- What is required
An exact copy of the data is required. No picture may appear in it.

- Supplied material
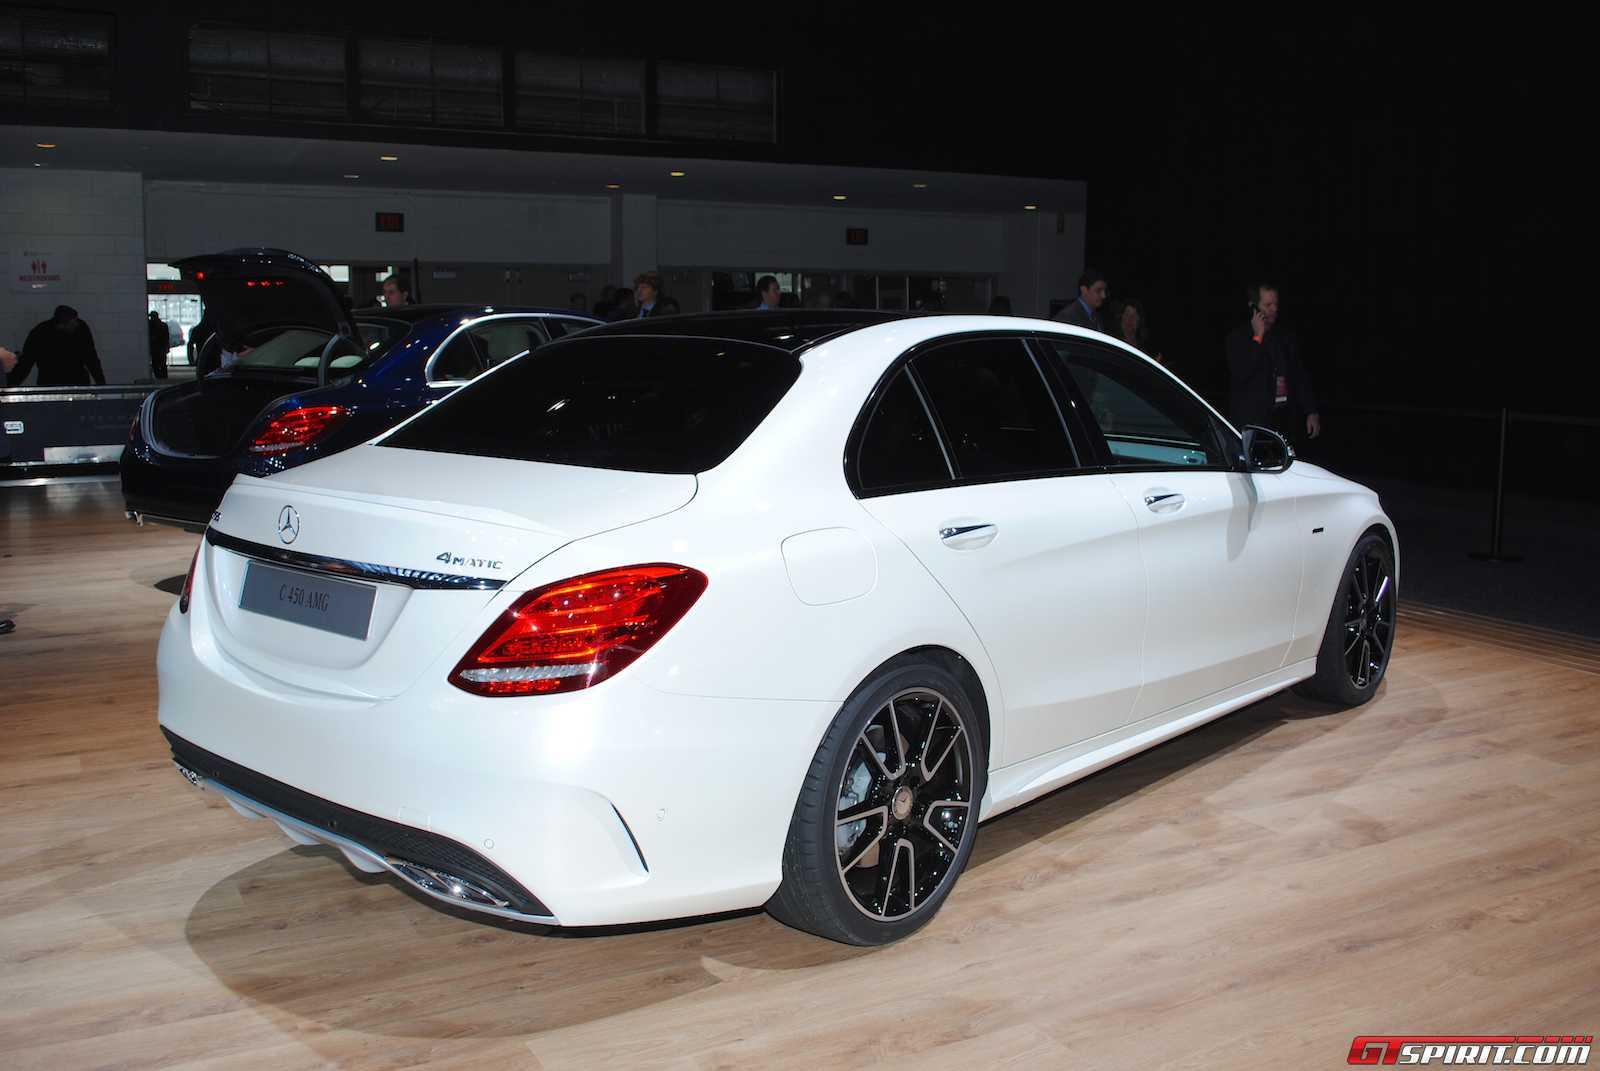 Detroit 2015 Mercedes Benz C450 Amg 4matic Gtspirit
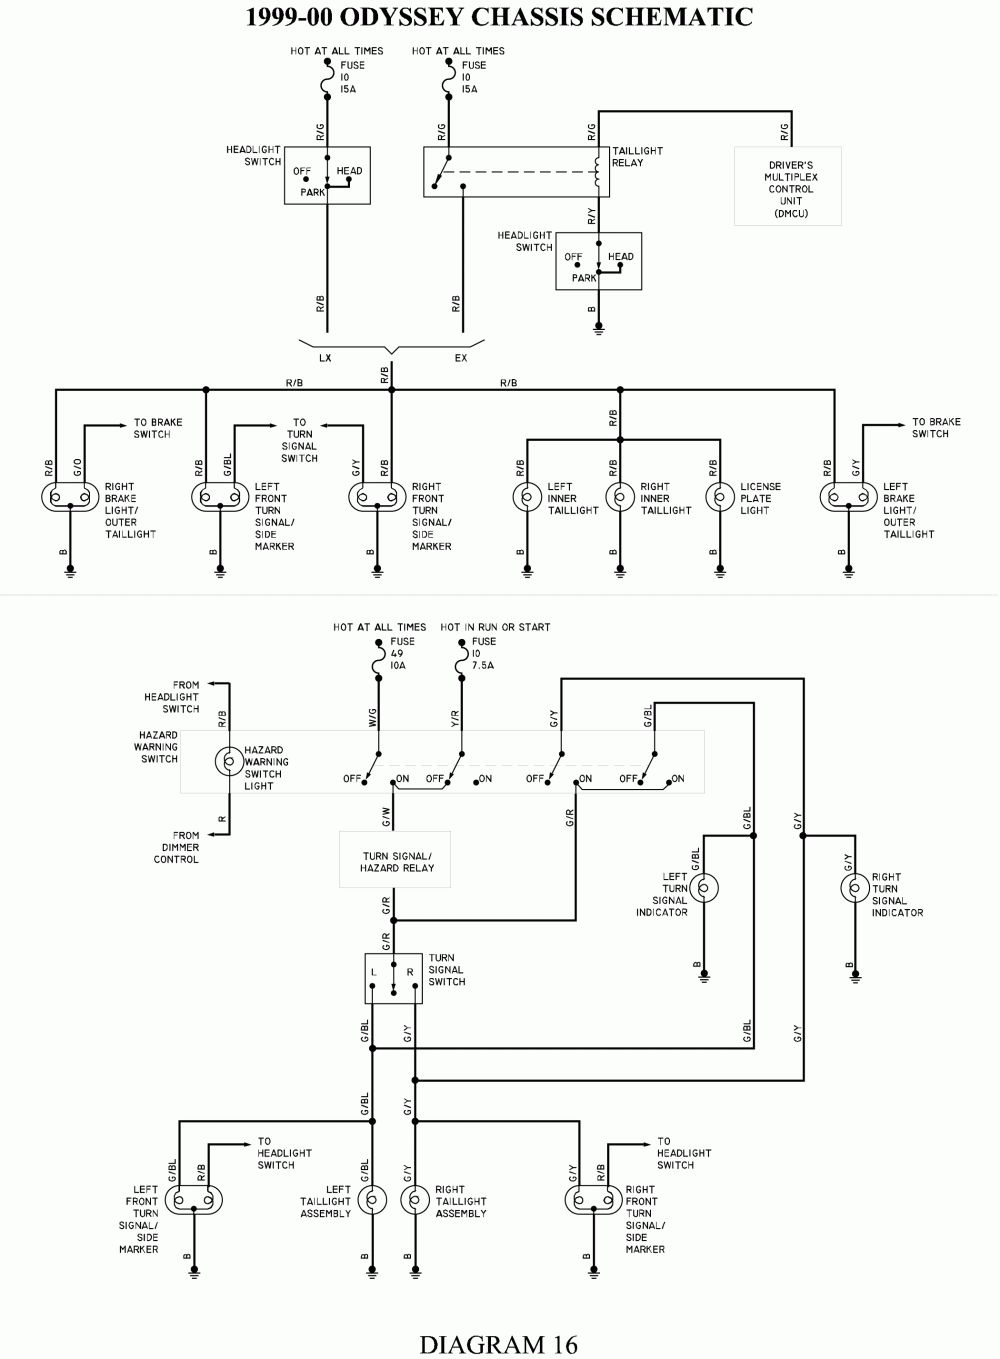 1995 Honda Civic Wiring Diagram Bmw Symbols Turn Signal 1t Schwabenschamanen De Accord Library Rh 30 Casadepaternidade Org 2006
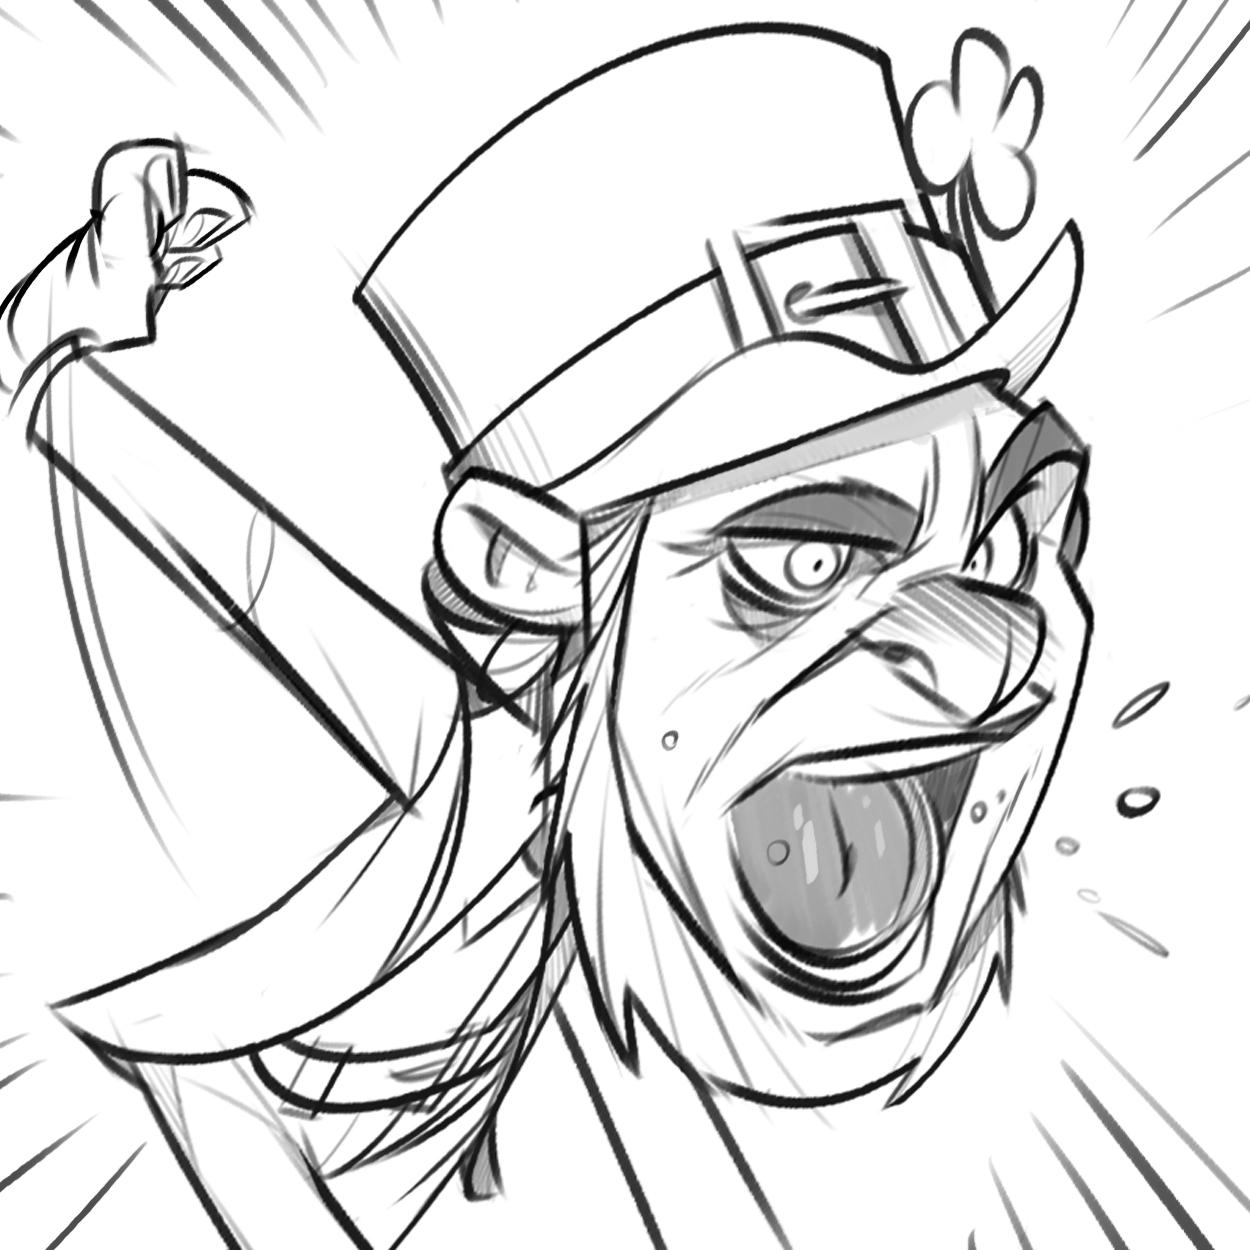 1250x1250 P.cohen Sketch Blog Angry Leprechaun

- Your response
 Detroit 2015 Mercedes Benz C450 Amg 4matic Gtspirit
 1995 Honda Civic Wiring Diagram Bmw Symbols Turn Signal 1t Schwabenschamanen De Accord Library Rh 30 Casadepaternidade Org 2006
 1250x1250 P.cohen Sketch Blog Angry Leprechaun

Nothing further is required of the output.